Advertisers are increasingly demanding about those, though, which is one of
the reasons we worked so hard to make "no ads" a feature of our subscriptions.

------
AlisdairO
I posted this on Reddit when I saw this article there: I'd really love a
process by which you can automatically say 'I block these types of ads', and
the site can choose to serve you content or not based on that. What we have at
the moment, where a lot of people get harangued by malicious advertisements,
and a lot of people block even the most harmless ad content, is a really
unfair to both sides. A way to auto-negotiate what you're willing to 'pay'
would be excellent.

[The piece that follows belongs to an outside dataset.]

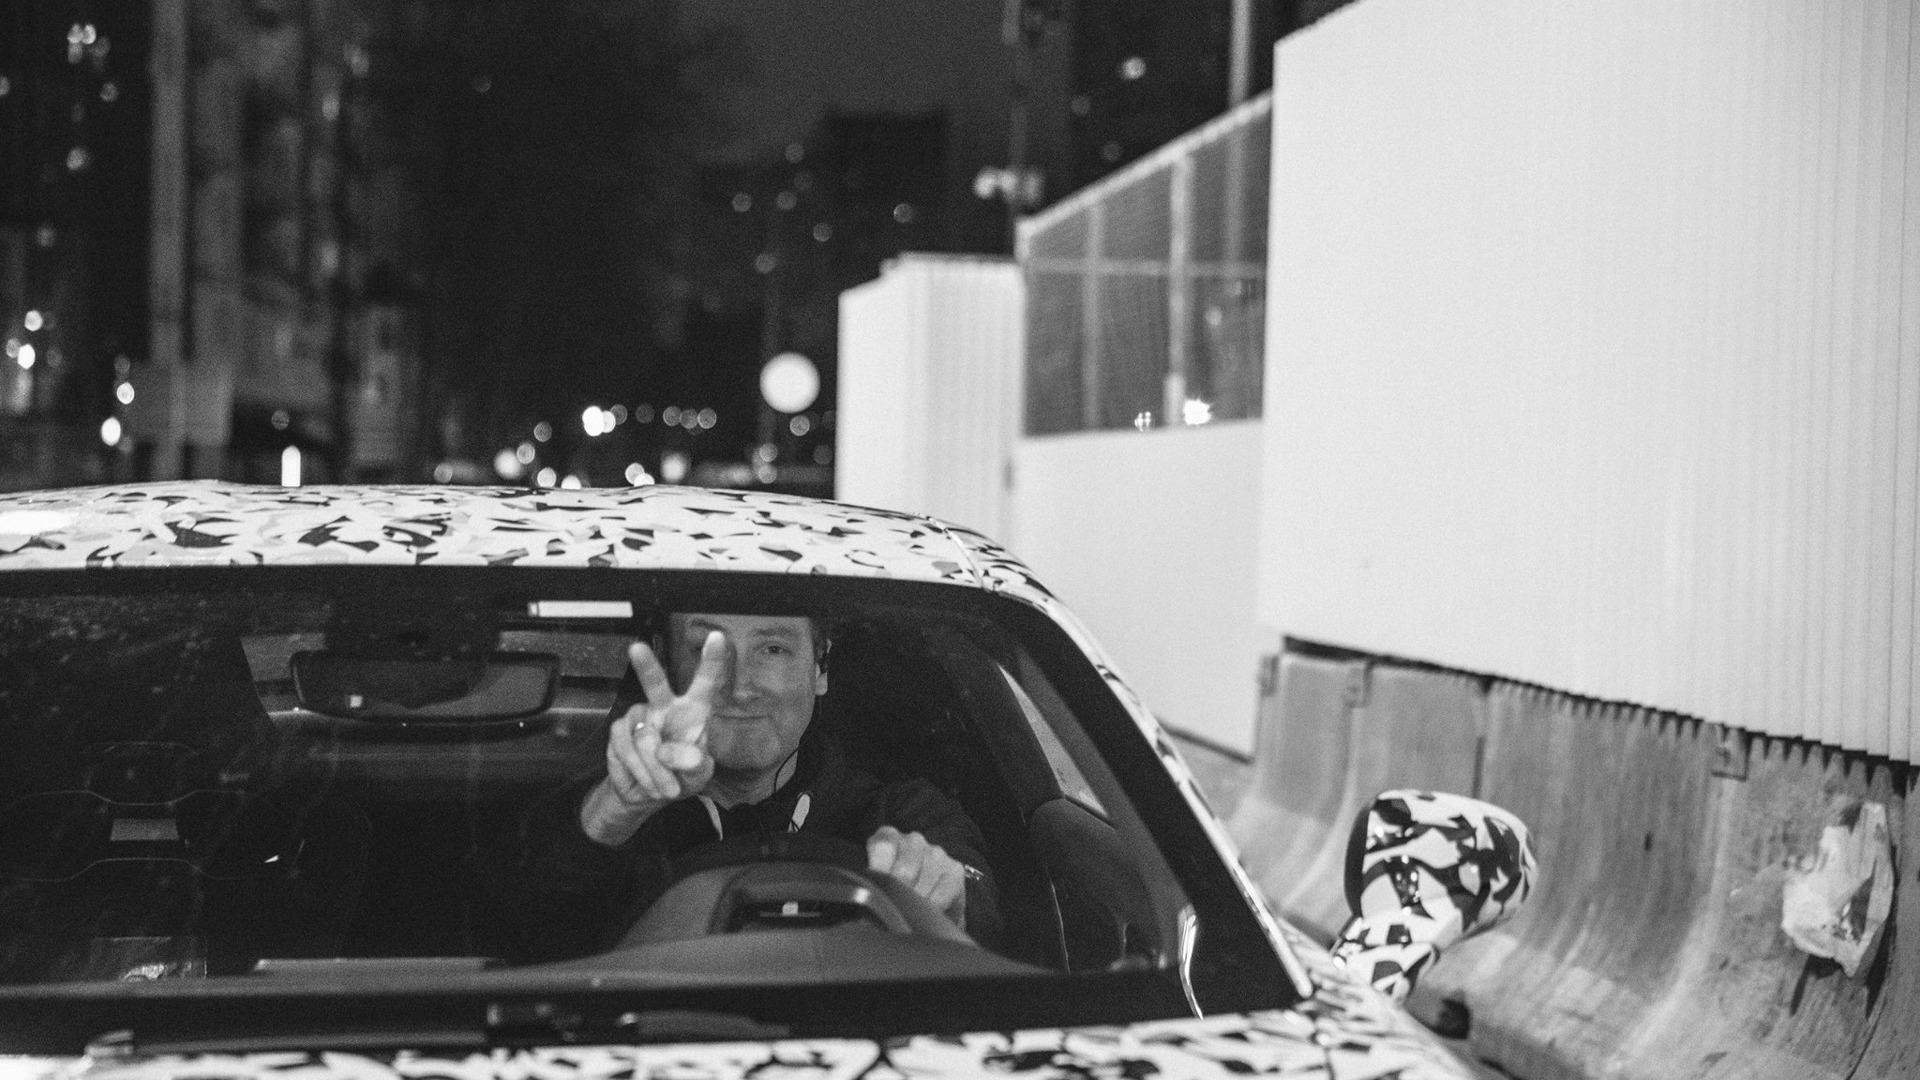 alpine-prototypes-paris-night-ride (14)
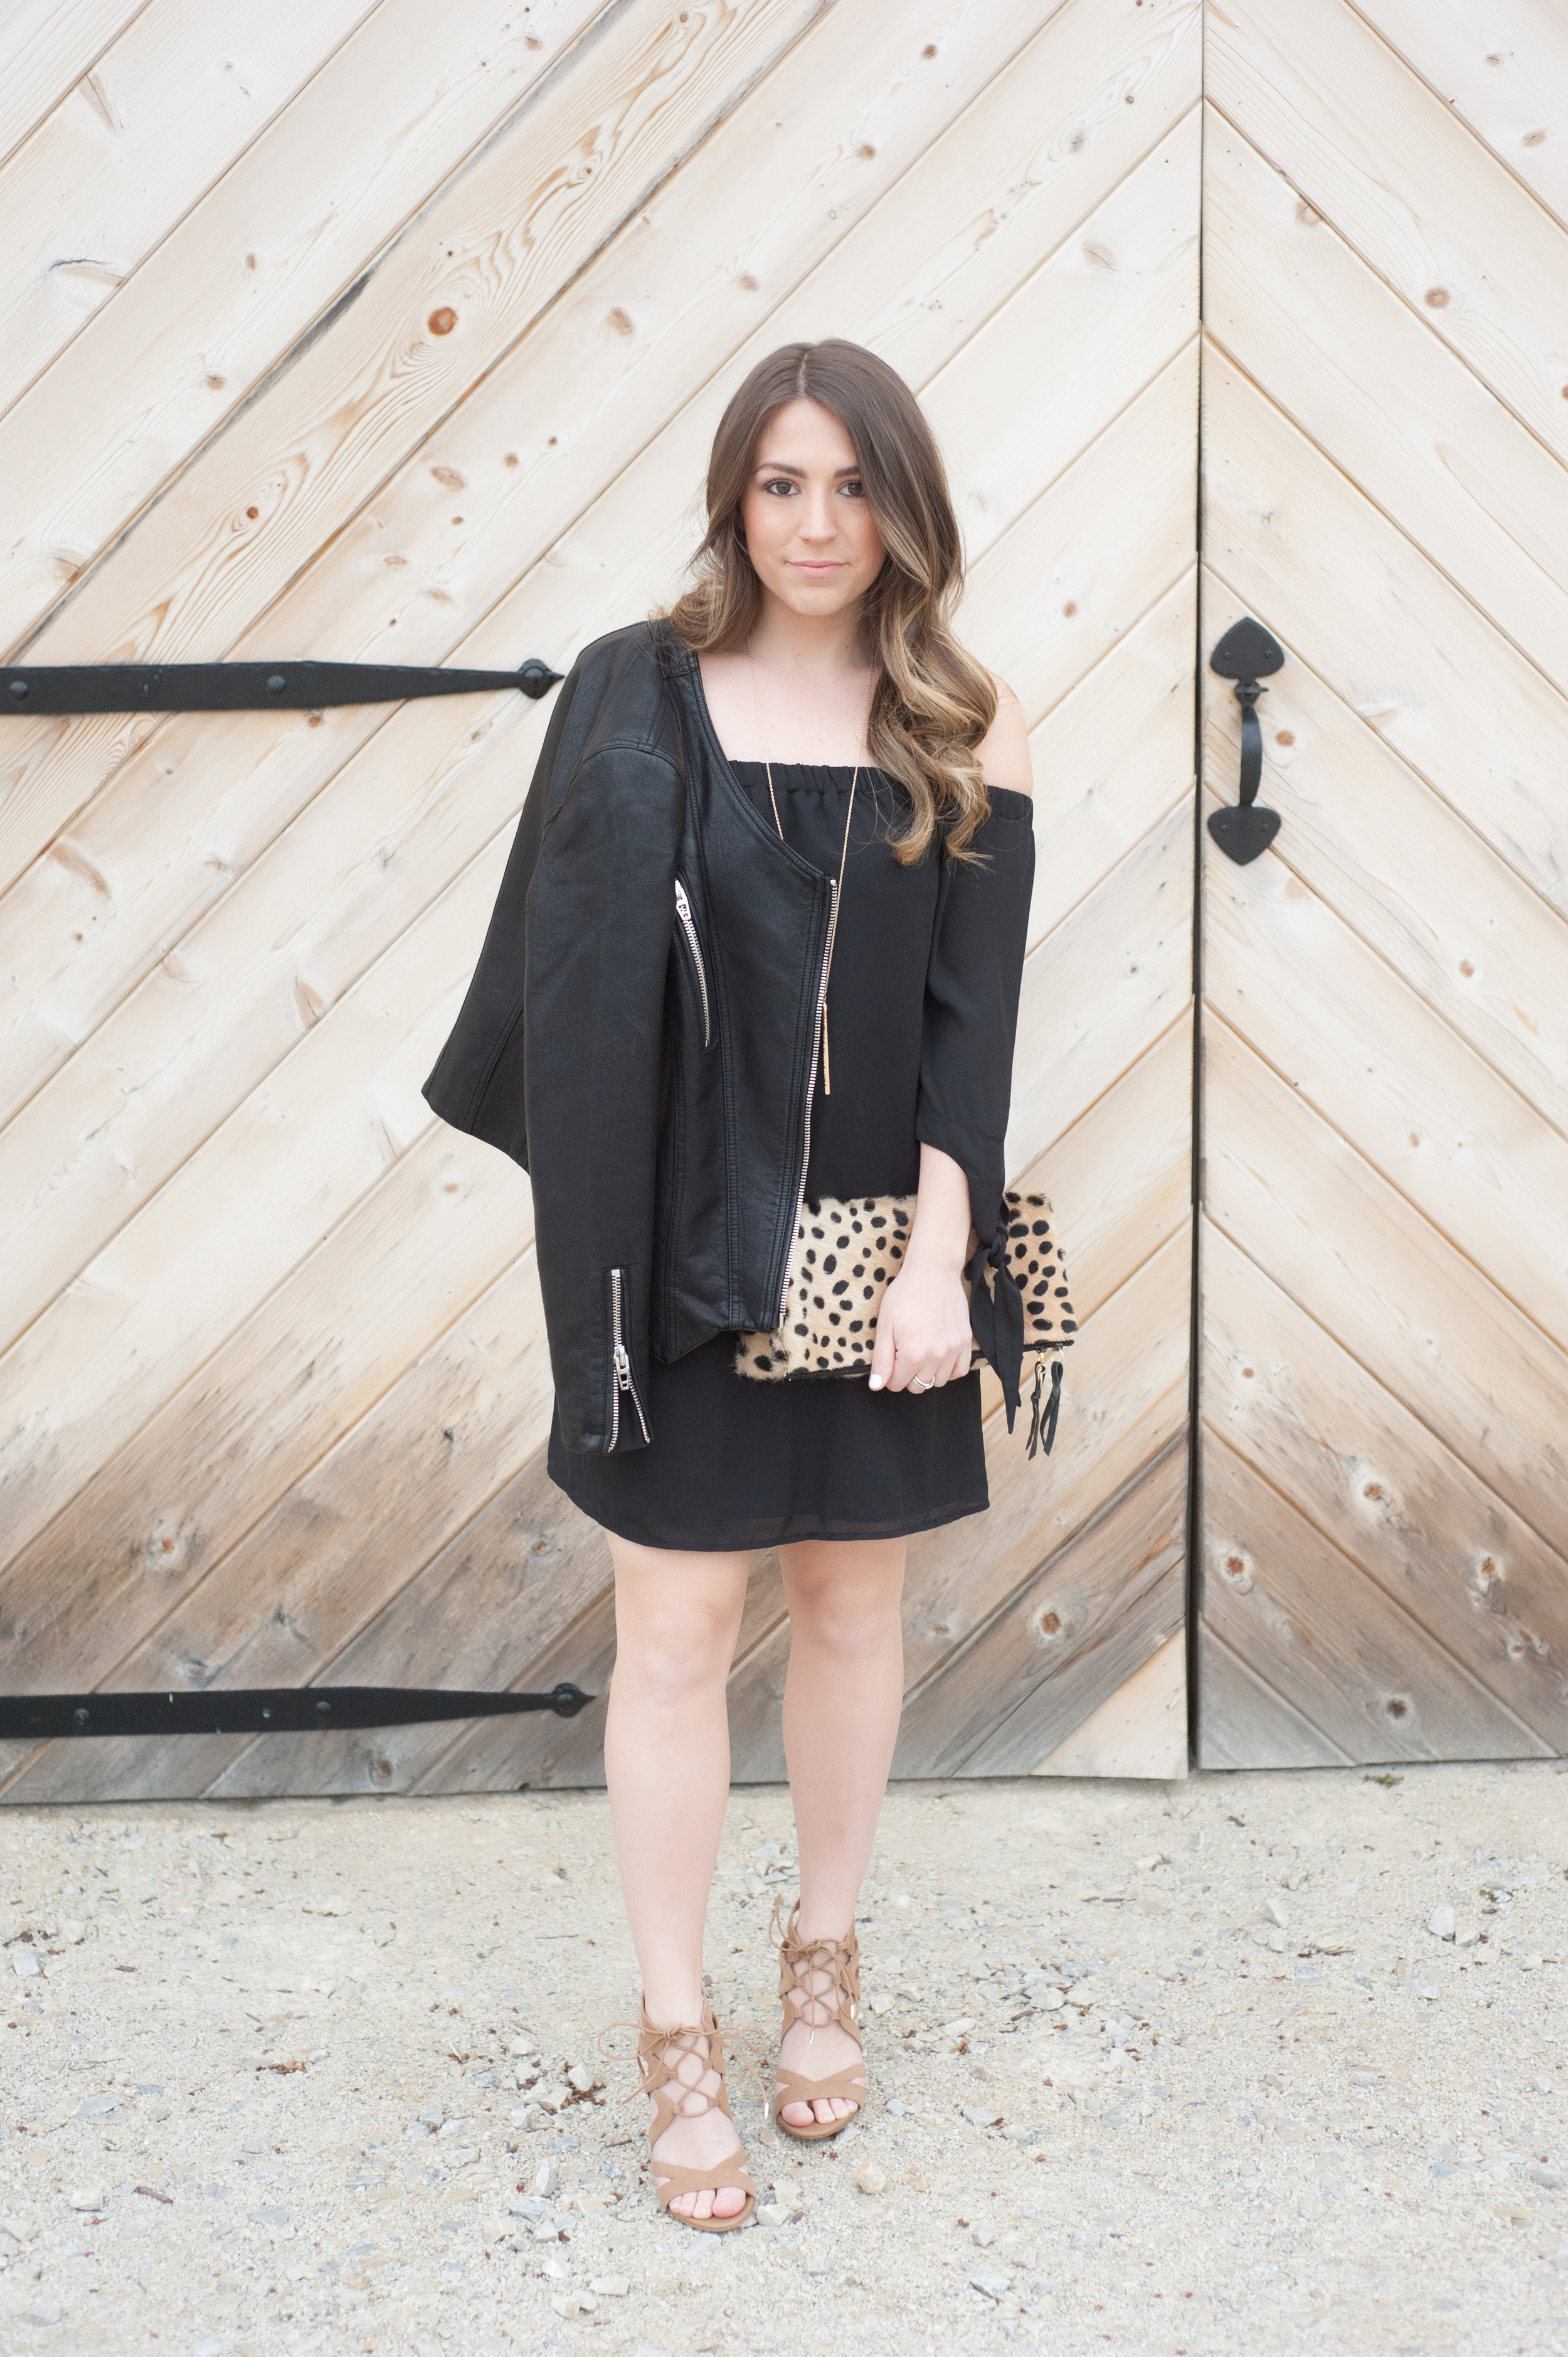 off the shoulder black dress + leather moto jacket / spring transition outfit

As things stand, I don't block ads, but I'd really like to
be able to block the worst of them without screwing people over.

This would also separate out the people who are legitimately concerned about
malware and excessively intrusive ads from those (sadly, I suspect, the
majority) who simply don't want to pay for others' work.

------
Semiapies
I sympathize with this view, but how exactly are advertisers supposed to come
up with more "creative" and "compelling" concepts that somehow will work when
users fundamentally don't want the thing they make - _ads?_

In a broader sense, it's very questionable to say "Gee, content sites should
be profitable!" and cheerfully avoid explaining just _how_ , especially right
after you've finished explaining how every known method of monetizing content
just won't work.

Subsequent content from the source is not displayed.